Source material
______

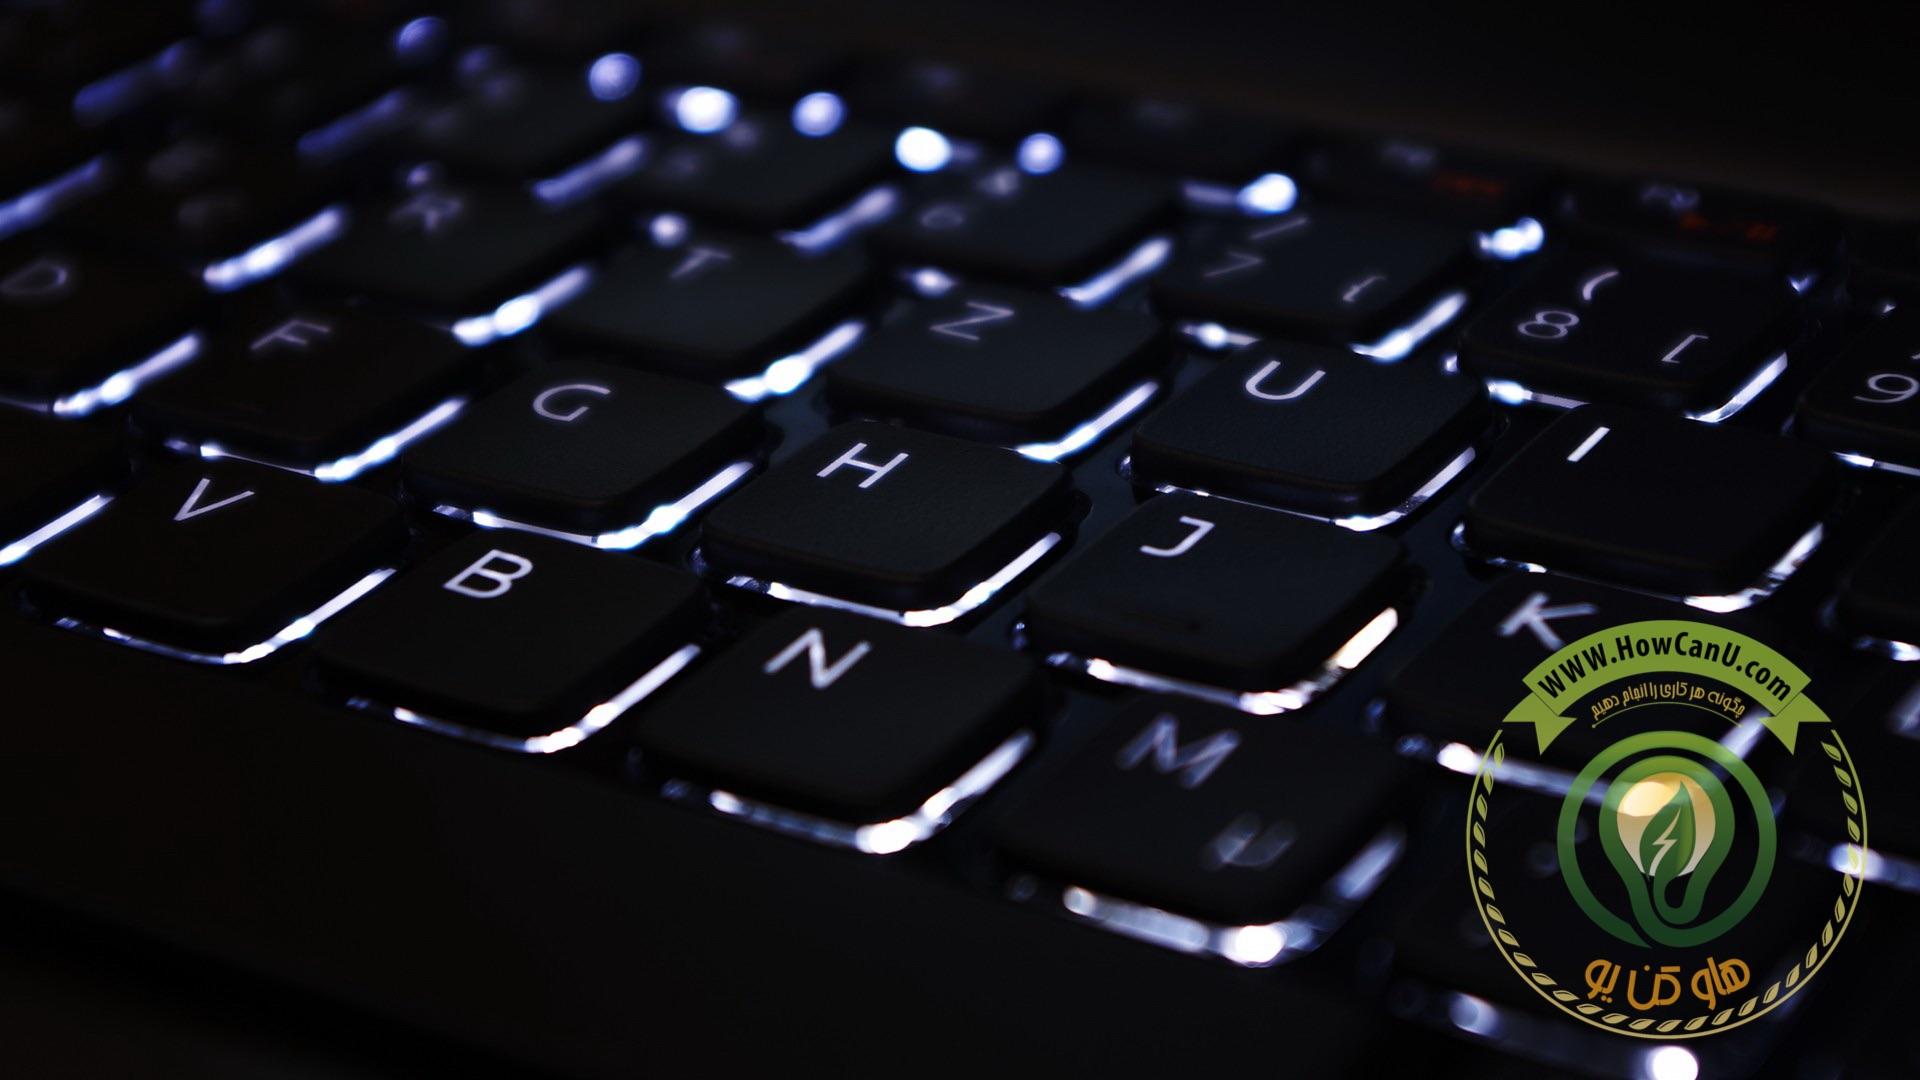 backlit-keyboard-1920x1080-and-free
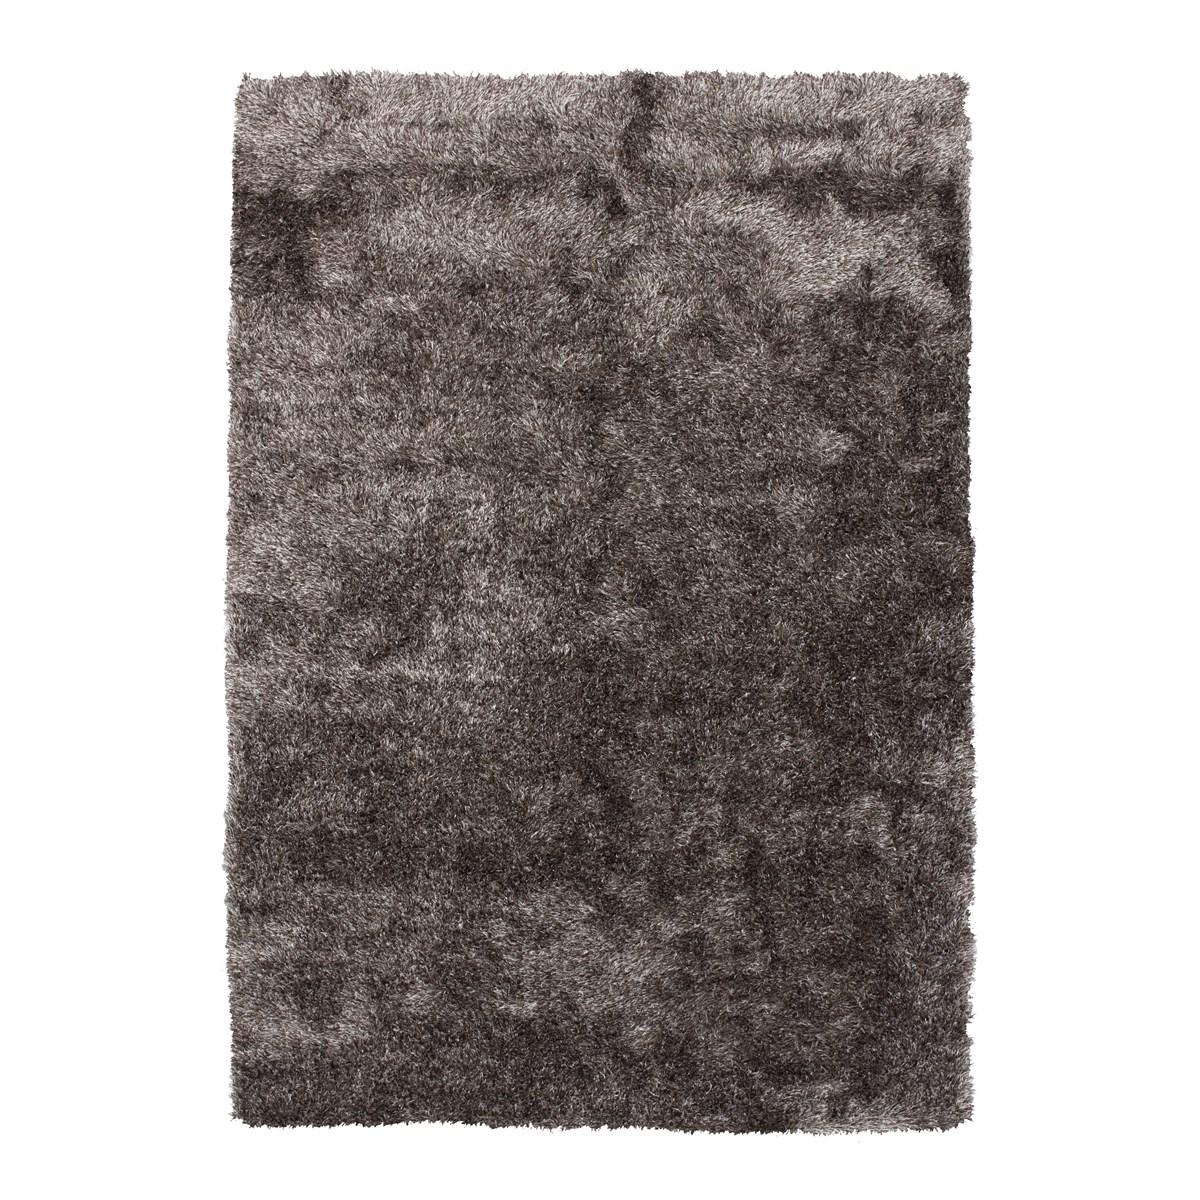 Tapis shaggy en Polyester Gris anthracite 120x170 cm
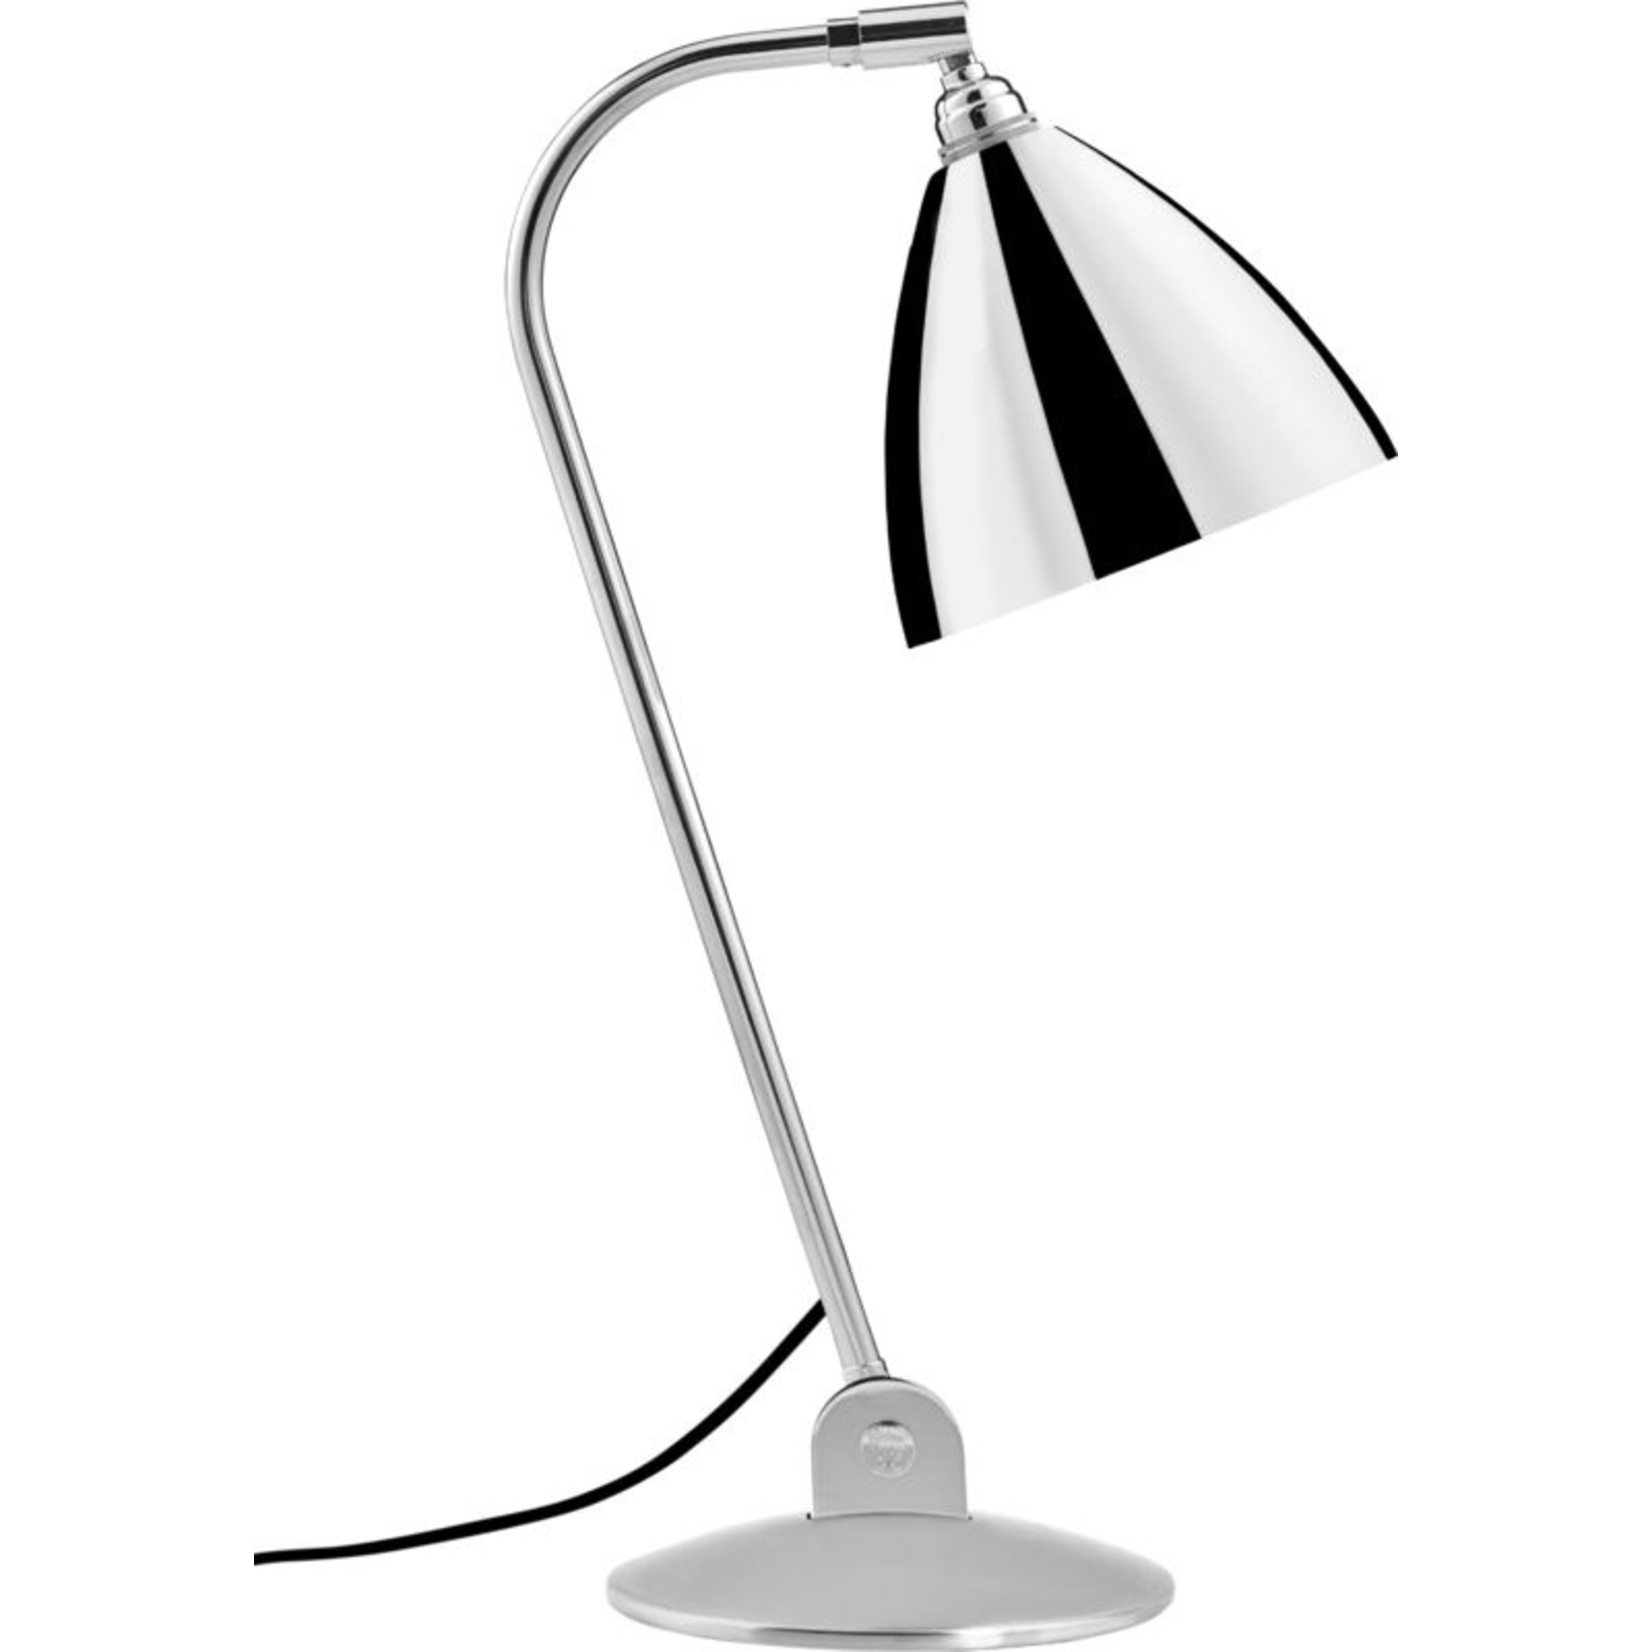 Gubi BL2 Table Lamp - Ø16 | Chrome Base & Chrome Shade

______

Your goal
Restate all of the material word for word. Keep out every picture.

Solution to this problem
 backlit-keyboard-1920x1080-and-free
 Tapis shaggy en Polyester Gris anthracite 120x170 cm
 Gubi BL2 Table Lamp - Ø16 | Chrome Base & Chrome Shade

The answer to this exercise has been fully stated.